Shizishan Subdistrict, named after Mount Shizi located in the subdistrict, is a subdistrict in southern Hongshan District, Wuhan, Hubei, China. To the east it borders the Shizitou South Lake Bridge across from Zhongnan University of Economics and Law; to the south it borders Liqiao Fishery on the southern shore of Yezhi Lake and Hongshan Subdistrict; to the west it reaches Wunan Station on the Beijing–Guangzhou railway and Zhangjiawan Subdistrict; to the north it reaches South Lake's Liantong Port on Xunsi River. Huazhong Agricultural University and the main campus of Hubei University of Technology are located in the subdistrict.

==History==
Shizishan Subdistrict was established in 1961.

In July 1986, Shizishan Subdistrict was transferred from Wuchang District to Hongshan District.

==Geography==
The western part of the subdistrict is located between two lakes (South Lake and Yezhi Lake) and around the mountain which gives the district its name. Mount Shizi (狮子山 (Lion Mountain)) is so named because it looks like a lion. Mount Shizi reaches 2800 m in height and covers 1000 mu of land with 970 mu covered in forest as of 2016. In 2015, a public greenway path was laid out around Mount Shizi. In 1957, Huazhong Agricultural University was built around Mount Shizi, the mountain from which the subdistrict takes its name.

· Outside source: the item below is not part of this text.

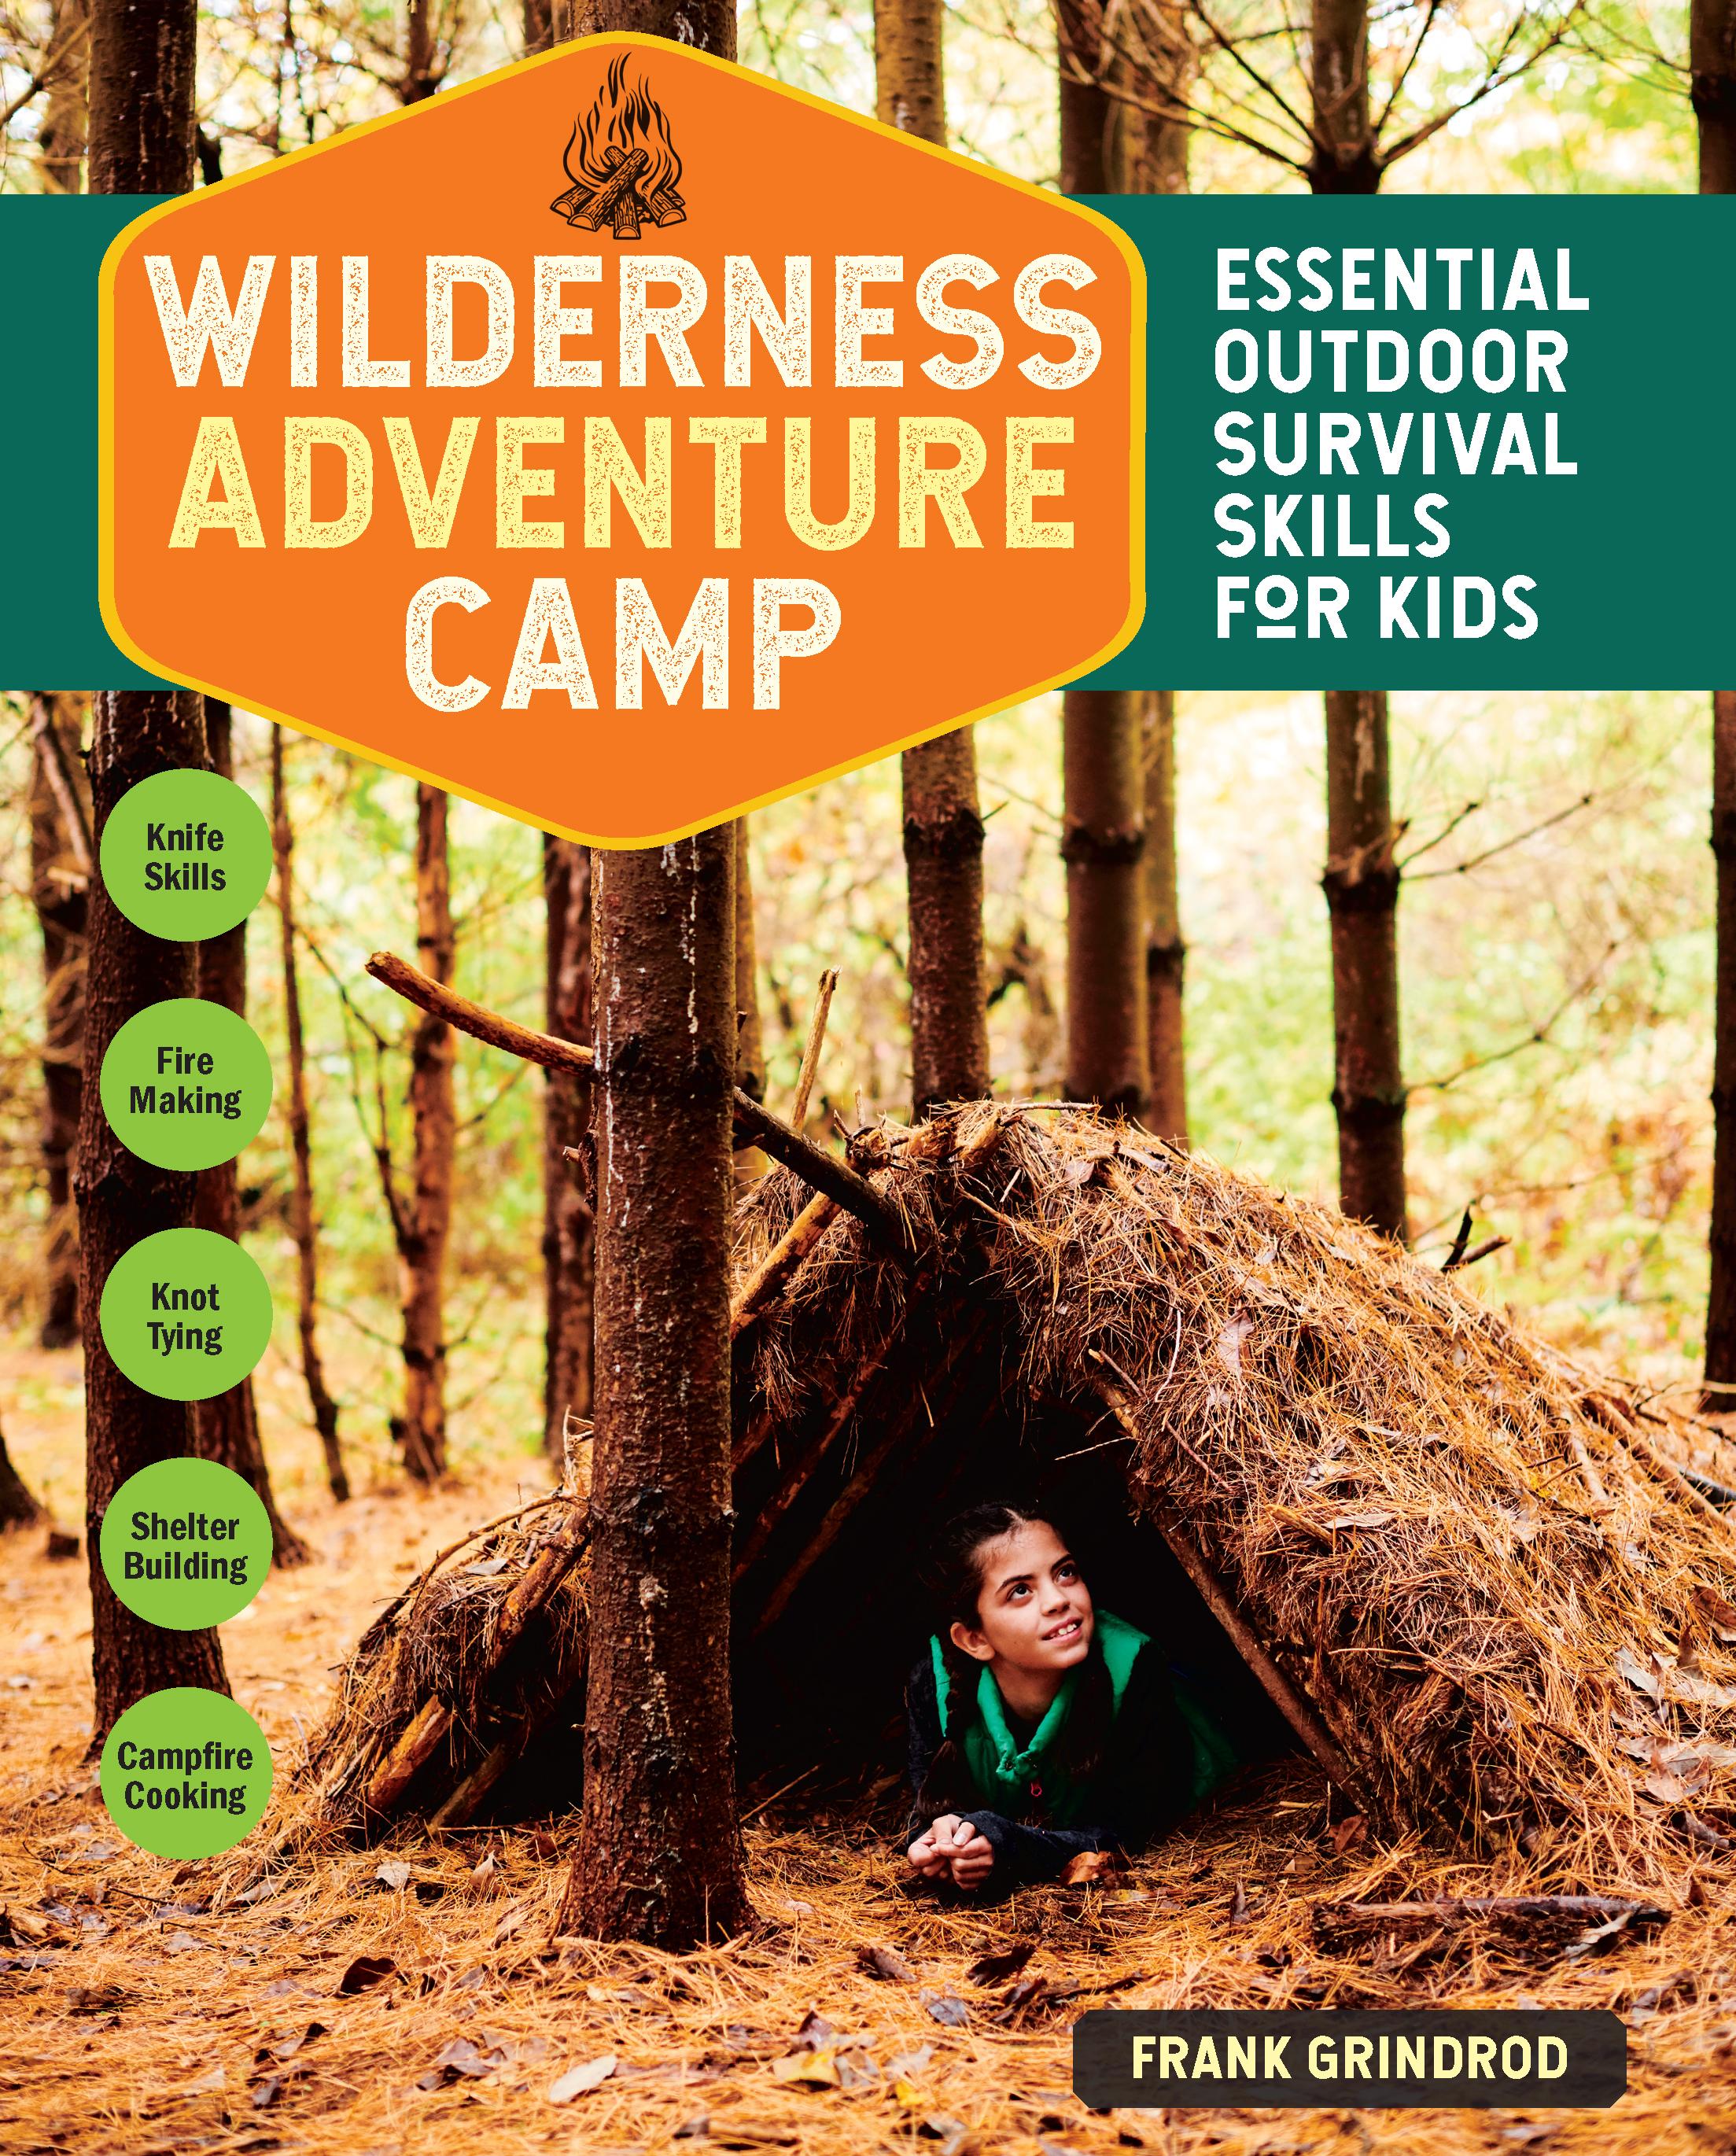 Wilderness Adventure Camp Essential Outdoor Survival Skills for Kids - Frank Grindrod

==Administrative divisions==
As of 2017, Shizishan Subdistrict administers thirteen residential communities:
- Huanongdong, Huanongxi, Luoshilu, Shengnongkeyuan, Tonghui, Qiyi'ersuo, Hugong (Hubei University of Technology), Wunantielu, Shinan, Nanhushanzhuang, Meiguiwan, Shuchenglu, Luojiayayuan

Former administrative divisions of the subdistrict include:
- Sanneipei, Huakeyuan, Huakeyuan Nongchang, Wunan, Huanongyiwei, Huanong'erwei, Huanongsanwei, 7011 Gongchang, Canzhongchang, Zhoujiawan, Nanhucun, Dahualing and Wutie

==Demographics==

As of 1996, the total area of Shizishan Subdistrict was 15.1 km2. Including both long-term residents, college students and laborers, the population is estimated to reach 180,000.

==Transportation==
Shizishan Subdistrict is served by several stations at the southern terminus of Wuhan Metro Line 7. Shizishan Subdistrict is located north of the Third Ring Road.